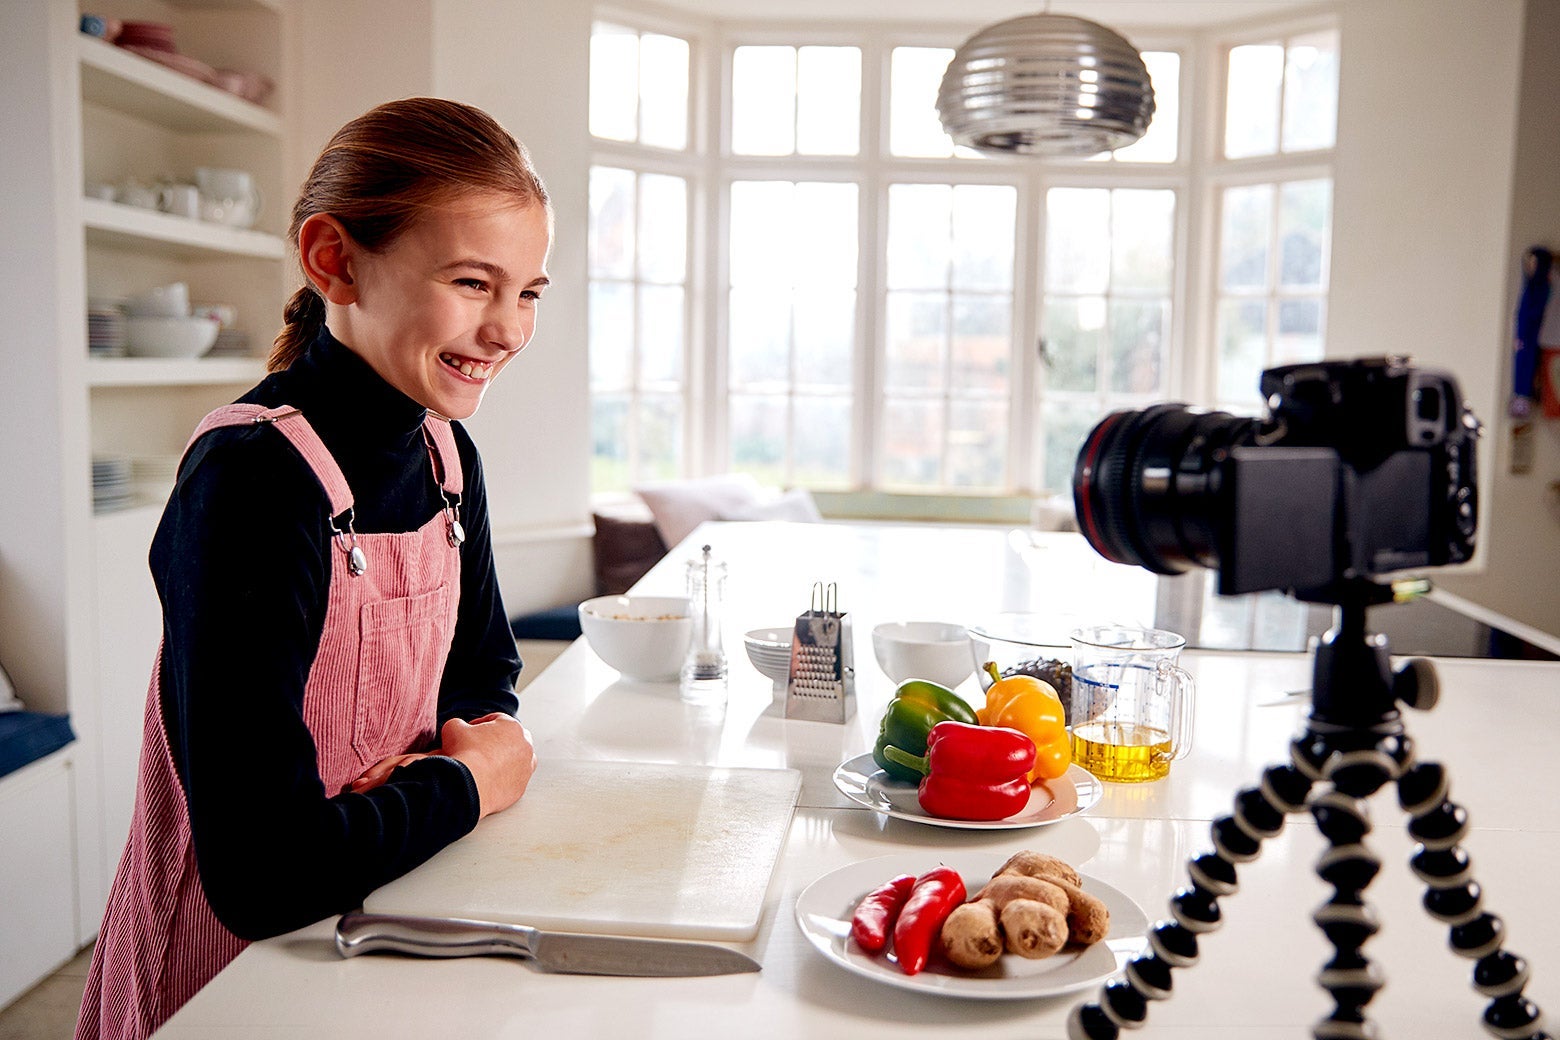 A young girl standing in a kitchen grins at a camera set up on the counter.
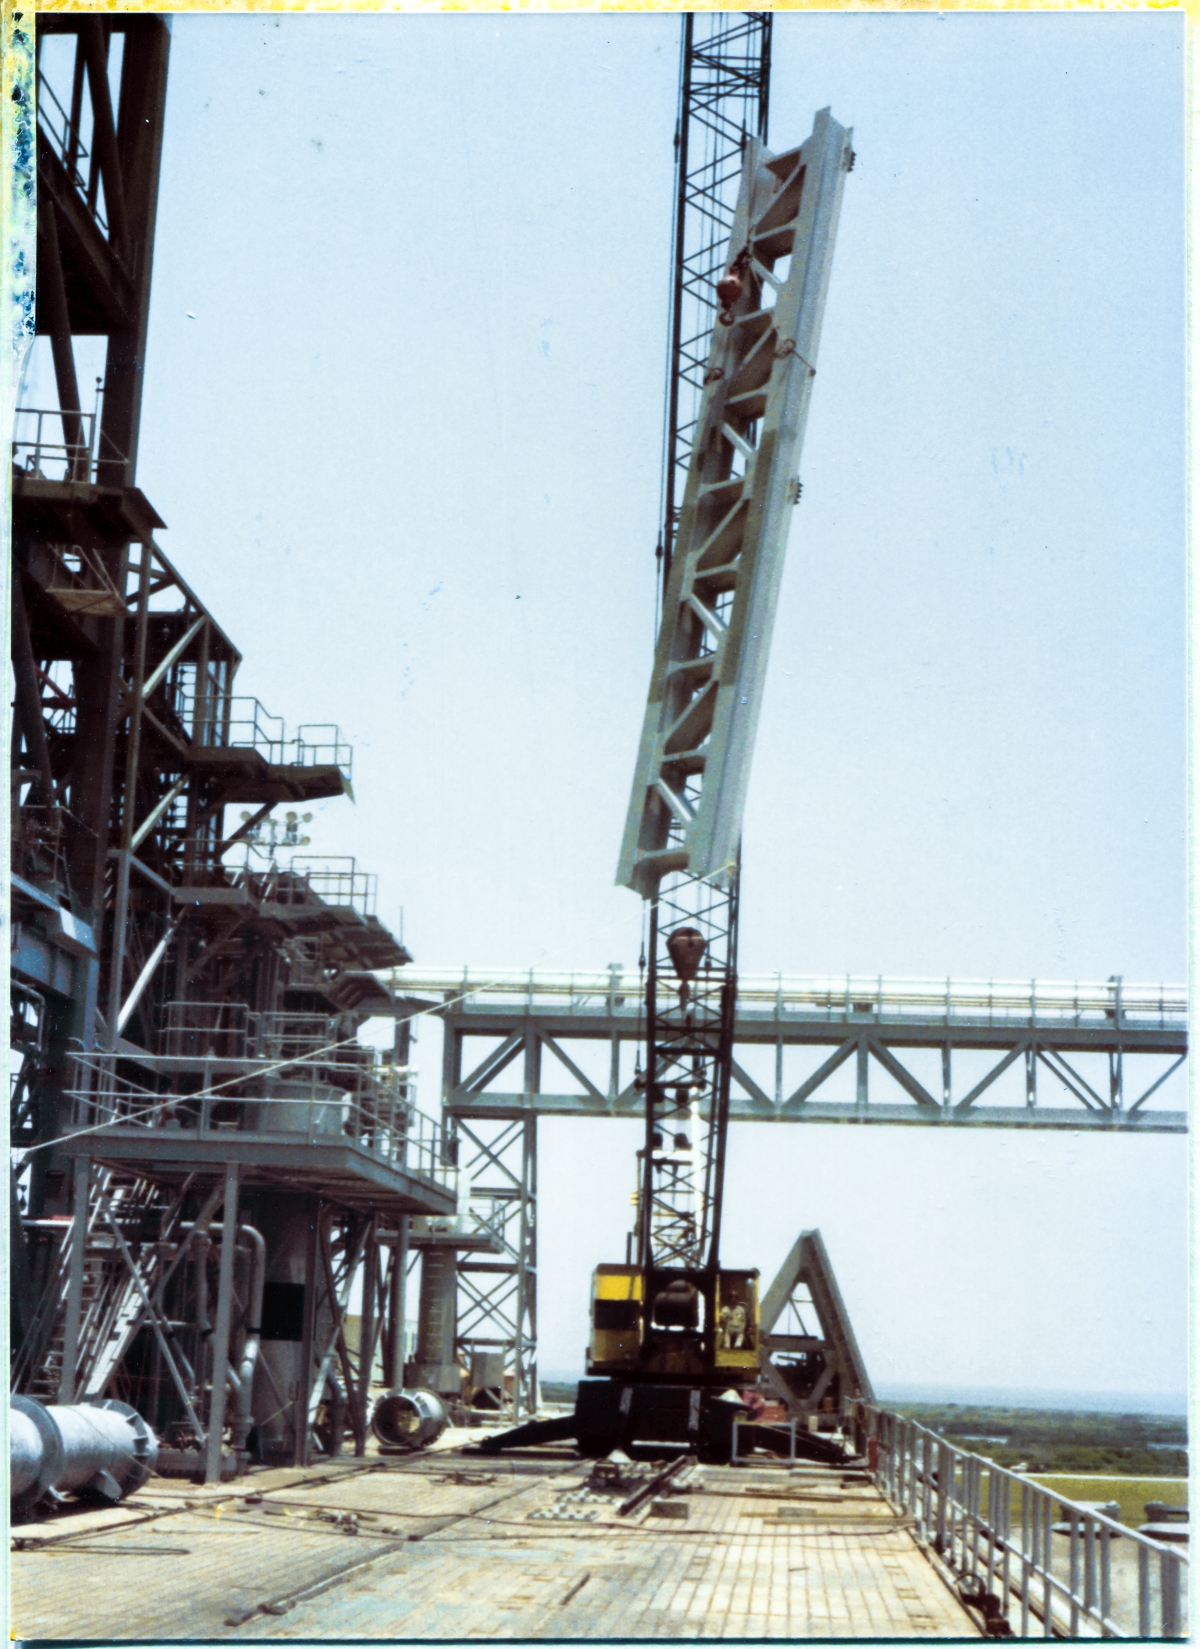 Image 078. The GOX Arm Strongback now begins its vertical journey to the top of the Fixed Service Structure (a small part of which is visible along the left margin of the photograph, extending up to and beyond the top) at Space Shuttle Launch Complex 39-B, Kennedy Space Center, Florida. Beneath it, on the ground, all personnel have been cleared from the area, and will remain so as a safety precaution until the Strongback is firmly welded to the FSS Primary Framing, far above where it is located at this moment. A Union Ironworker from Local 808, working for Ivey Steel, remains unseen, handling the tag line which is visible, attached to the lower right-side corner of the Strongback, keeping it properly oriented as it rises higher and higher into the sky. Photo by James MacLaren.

* * *

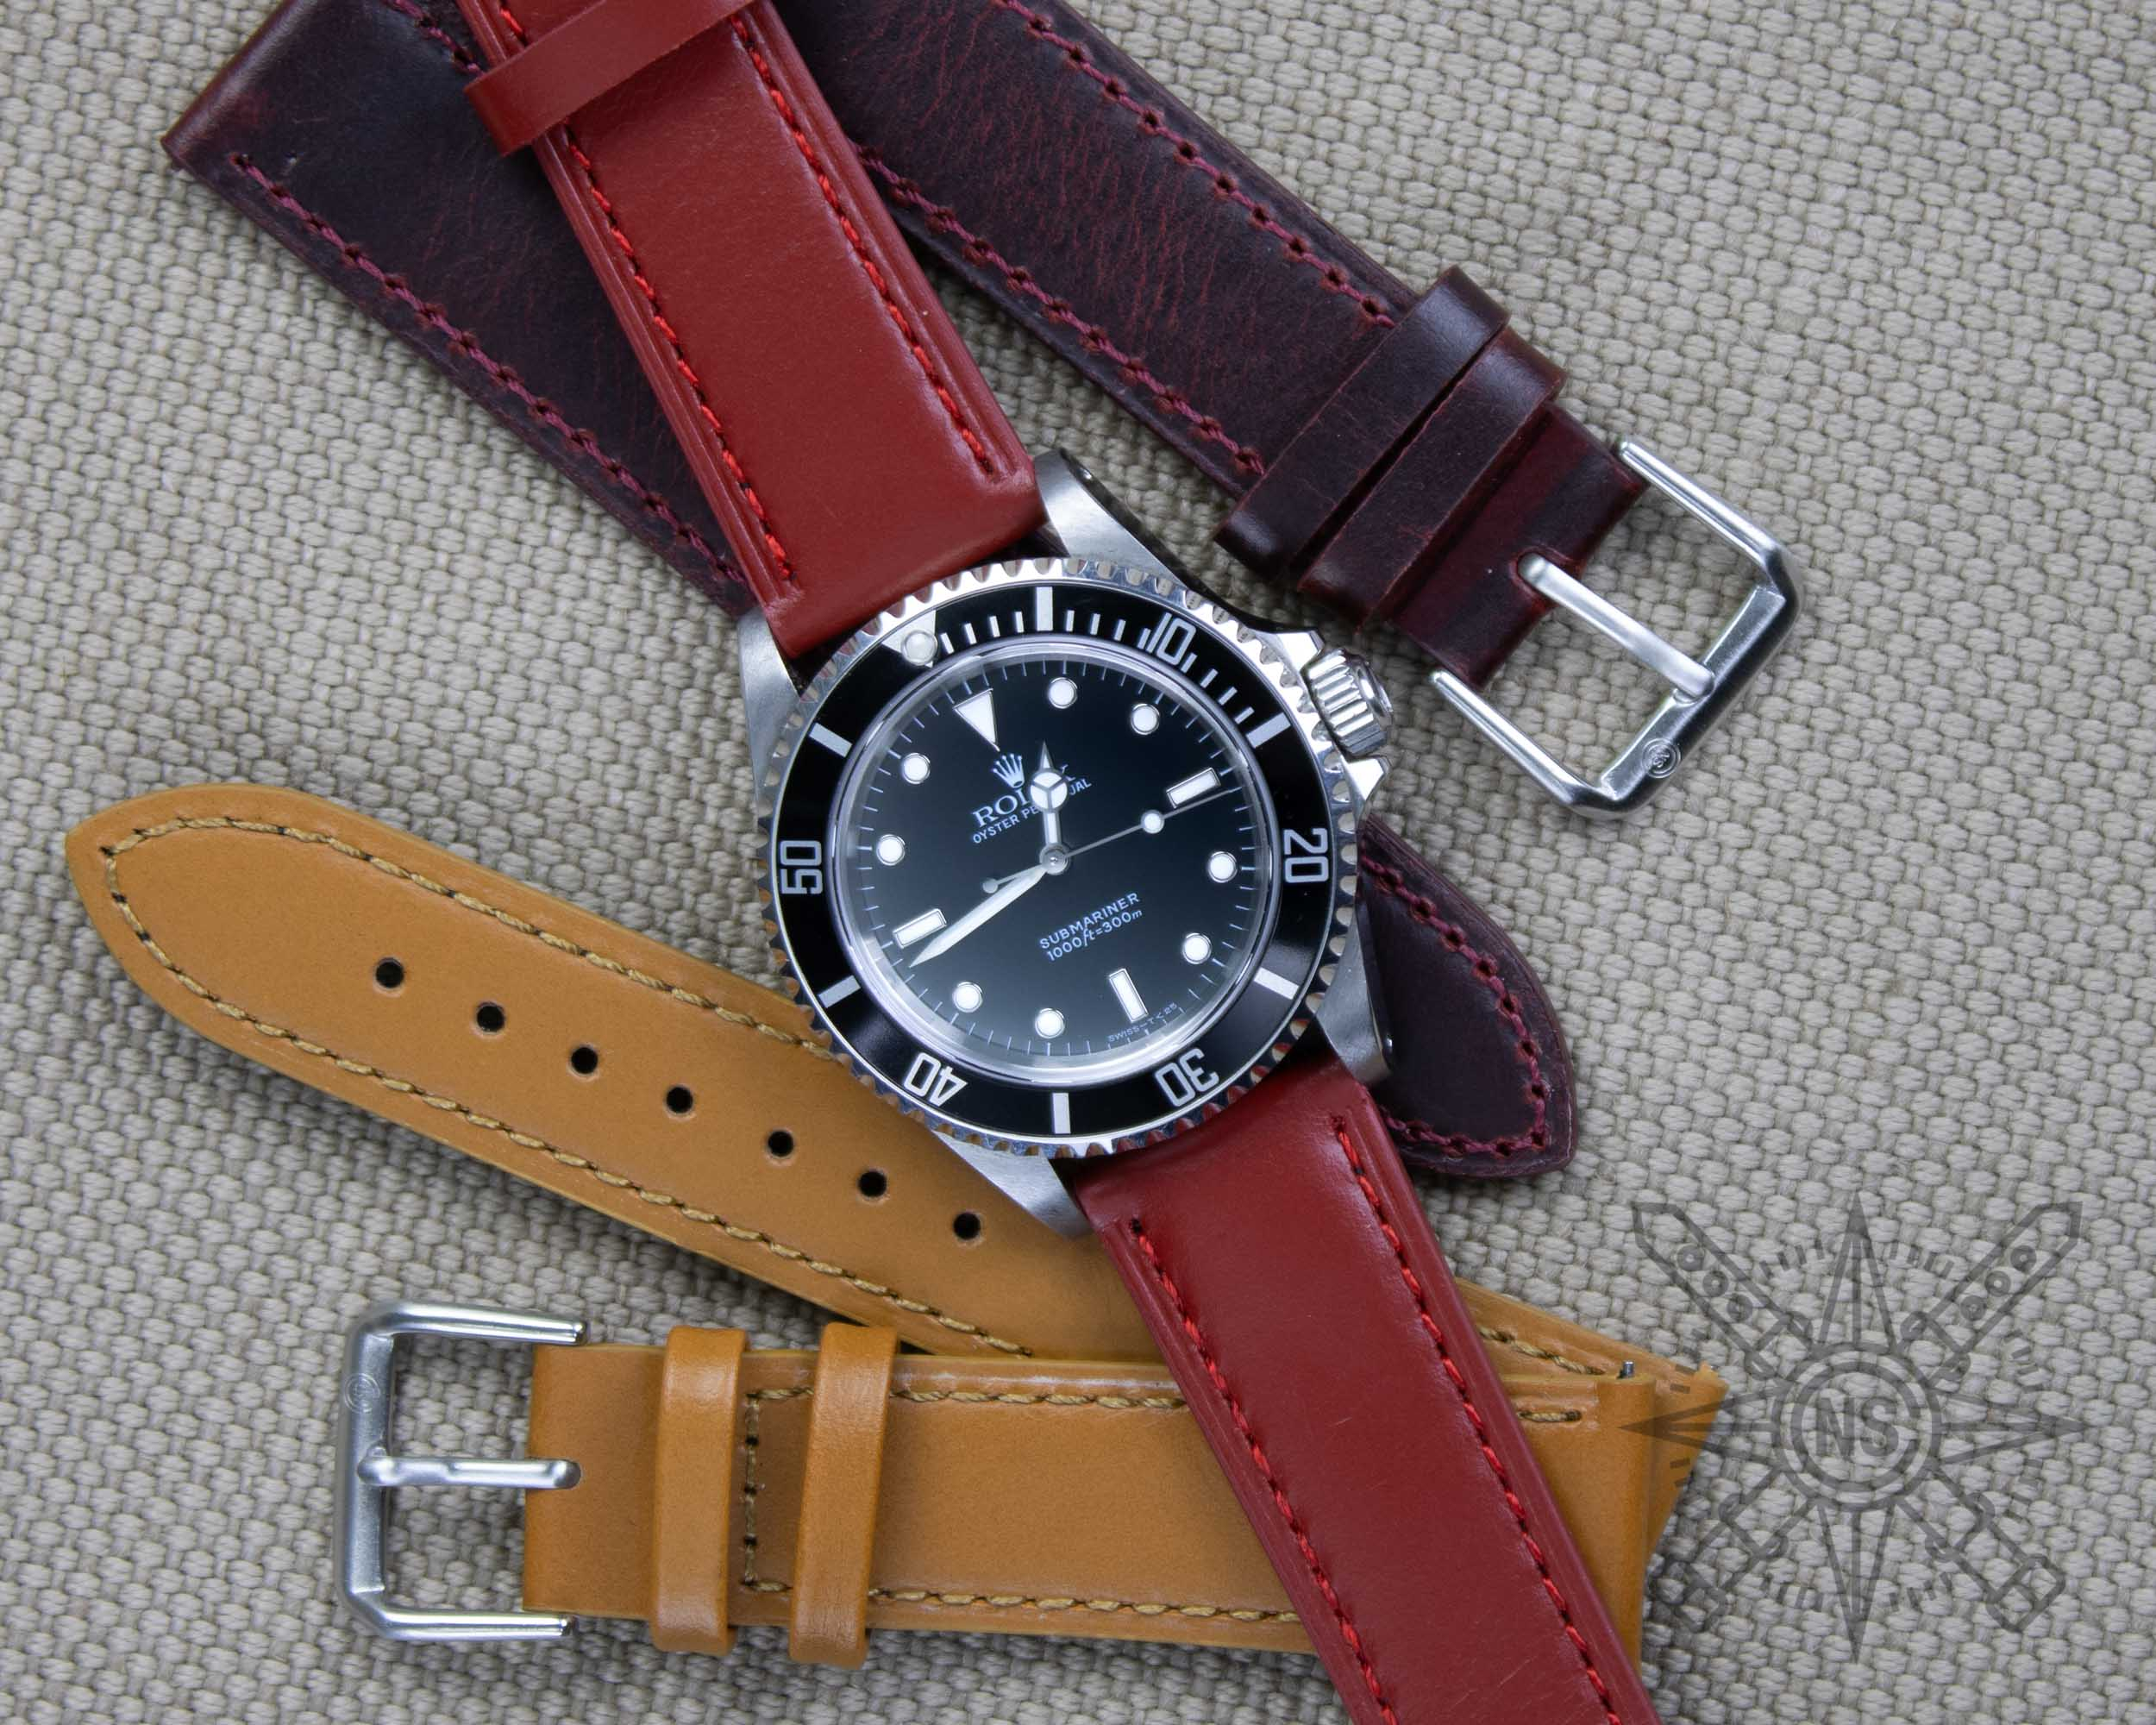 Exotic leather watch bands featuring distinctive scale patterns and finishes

* * *

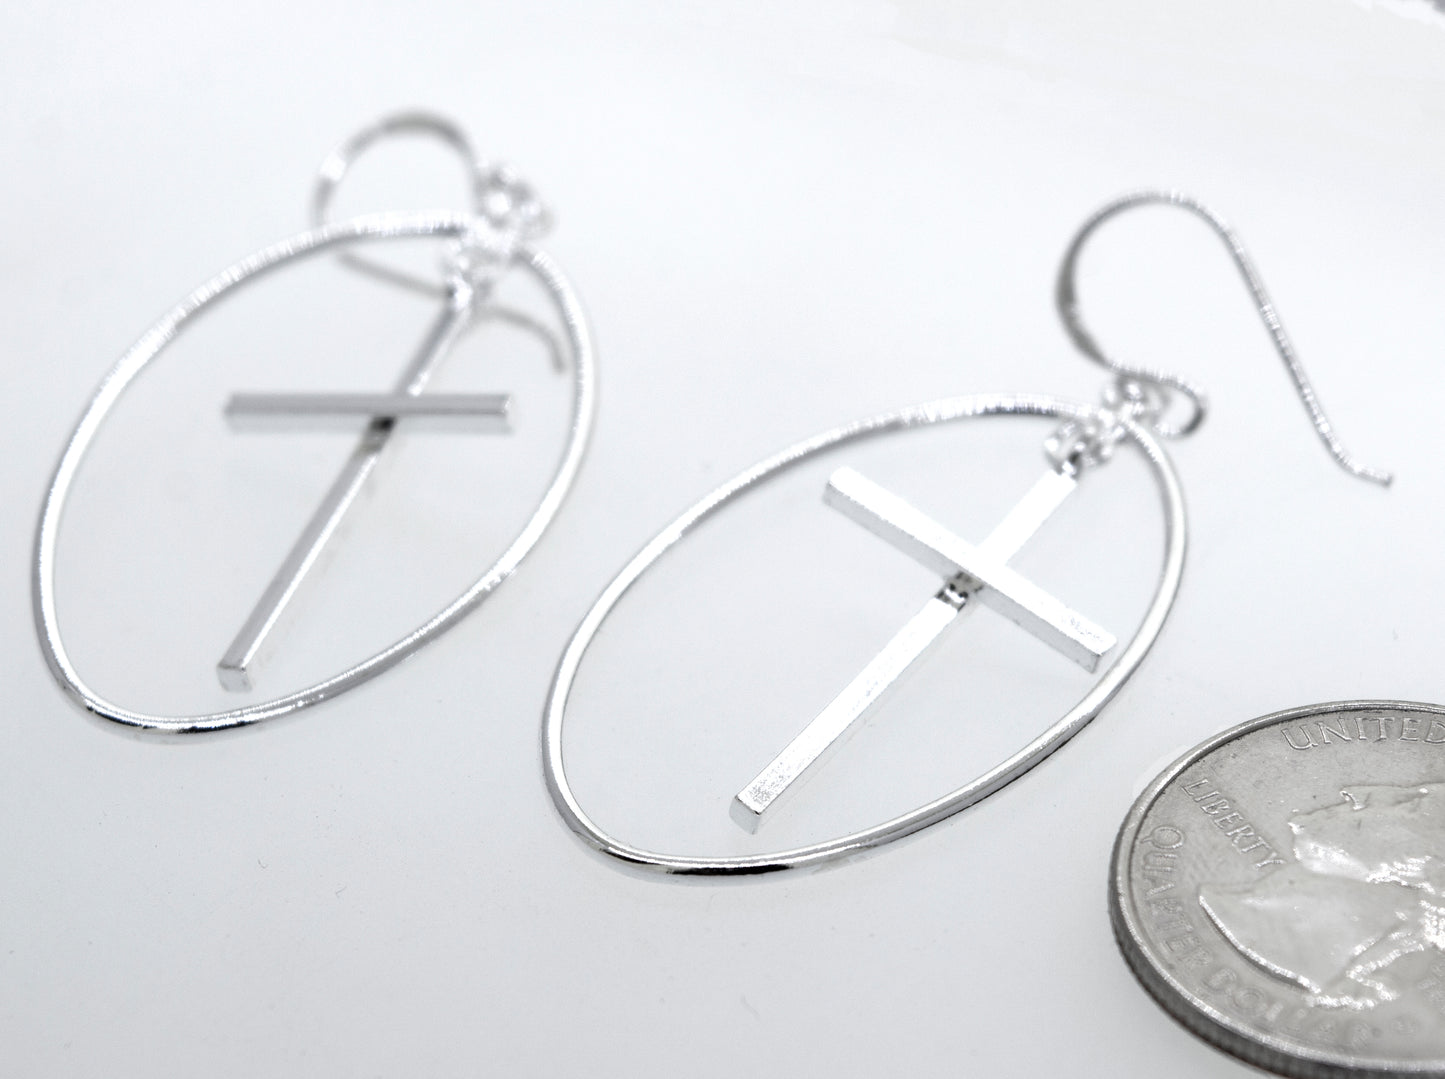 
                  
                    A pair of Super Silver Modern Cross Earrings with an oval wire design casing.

DIRECTIONS FOR THIS TASK:
Copy out the lines above from the line containing "A young girl" through the line containing "Image 078. The", exactly, and keep the pictures out.

ANSWER TO THE PROBLEM:
 A young girl standing in a kitchen grins at a camera set up on the counter.
 Image 078. The GOX Arm Strongback now begins its vertical journey to the top of the Fixed Service Structure (a small part of which is visible along the left margin of the photograph, extending up to and beyond the top) at Space Shuttle Launch Complex 39-B, Kennedy Space Center, Florida. Beneath it, on the ground, all personnel have been cleared from the area, and will remain so as a safety precaution until the Strongback is firmly welded to the FSS Primary Framing, far above where it is located at this moment. A Union Ironworker from Local 808, working for Ivey Steel, remains unseen, handling the tag line which is visible, attached to the lower right-side corner of the Strongback, keeping it properly oriented as it rises higher and higher into the sky. Photo by James MacLaren.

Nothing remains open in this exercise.